START Records shown
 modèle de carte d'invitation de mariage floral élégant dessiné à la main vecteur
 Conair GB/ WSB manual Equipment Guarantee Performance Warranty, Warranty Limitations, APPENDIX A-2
END Records shown
START Records shown
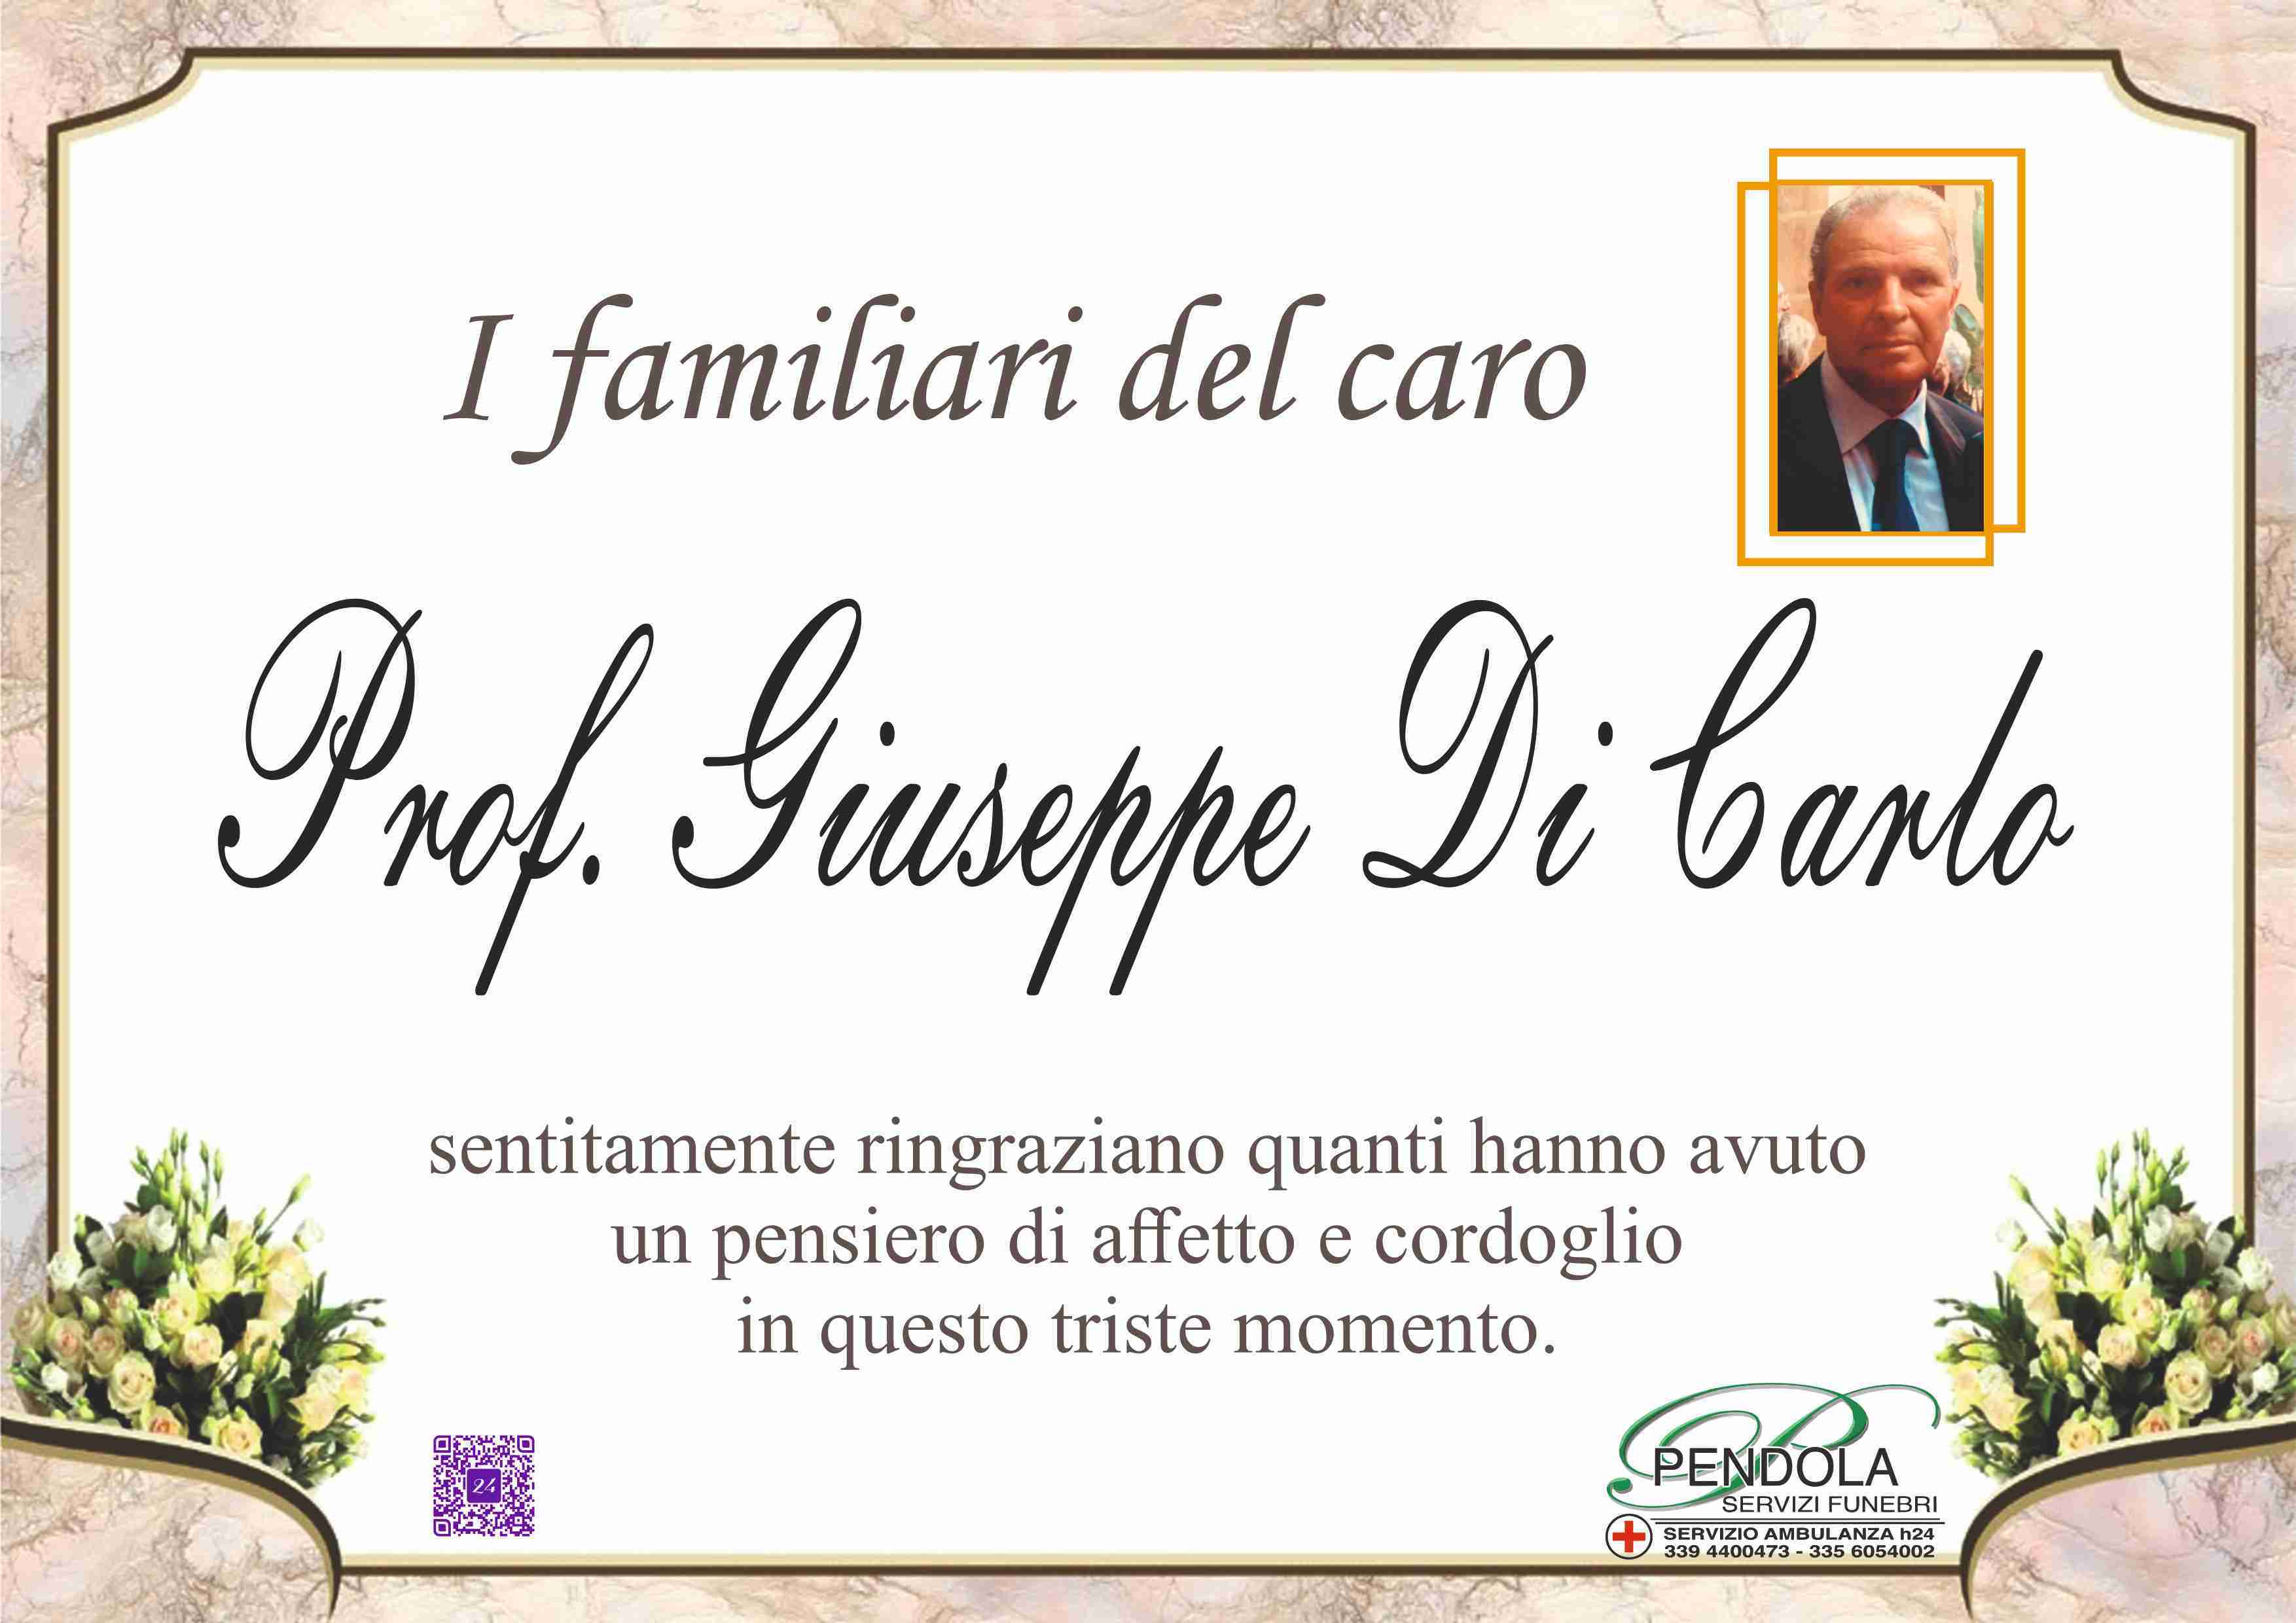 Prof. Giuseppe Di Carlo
END Records shown
START Records shown
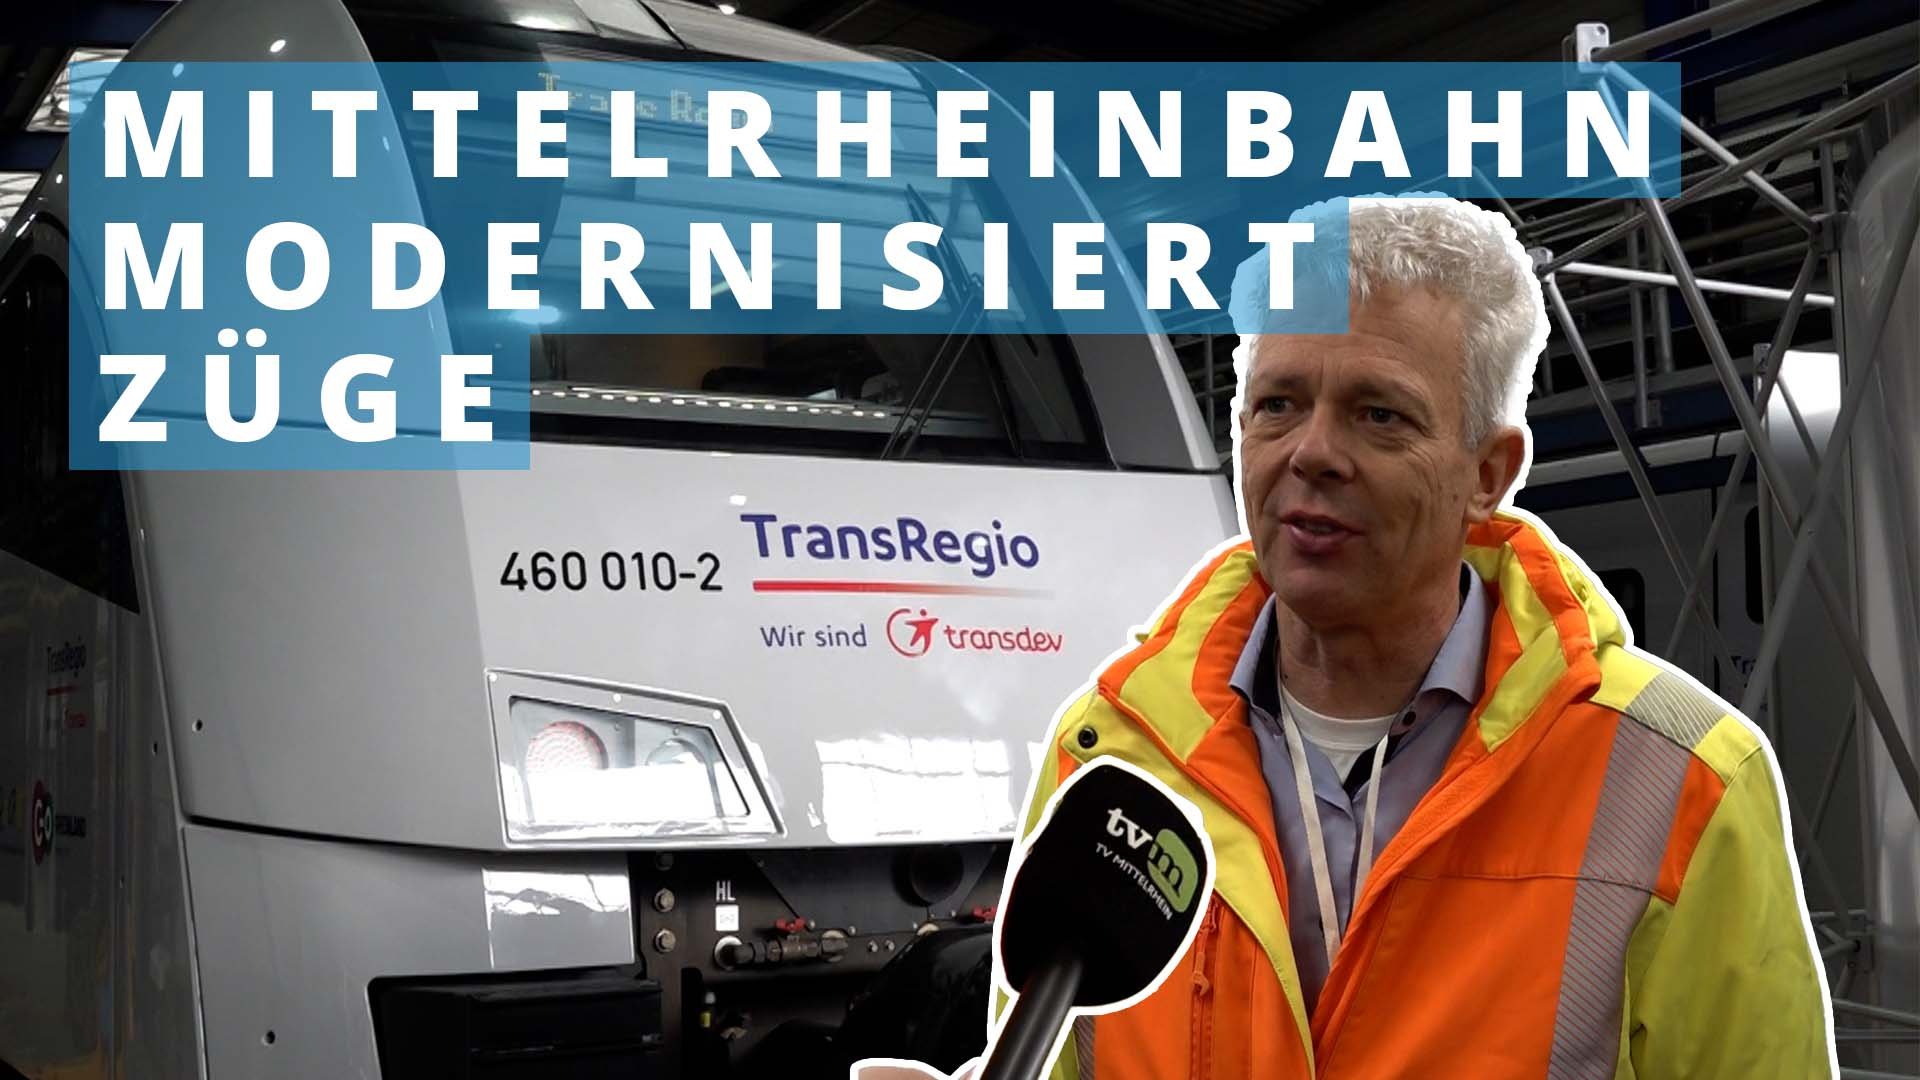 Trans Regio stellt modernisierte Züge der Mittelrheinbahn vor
END Records shown
■ **Assigned task**: In the entries above, find the line holding "modèle de carte" and the line holding "Conair GB/ WSB"; print both of them and every line between, exactly, and nothing else.

■ **Task solution**:
 modèle de carte d'invitation de mariage floral élégant dessiné à la main vecteur
 Conair GB/ WSB manual Equipment Guarantee Performance Warranty, Warranty Limitations, APPENDIX A-2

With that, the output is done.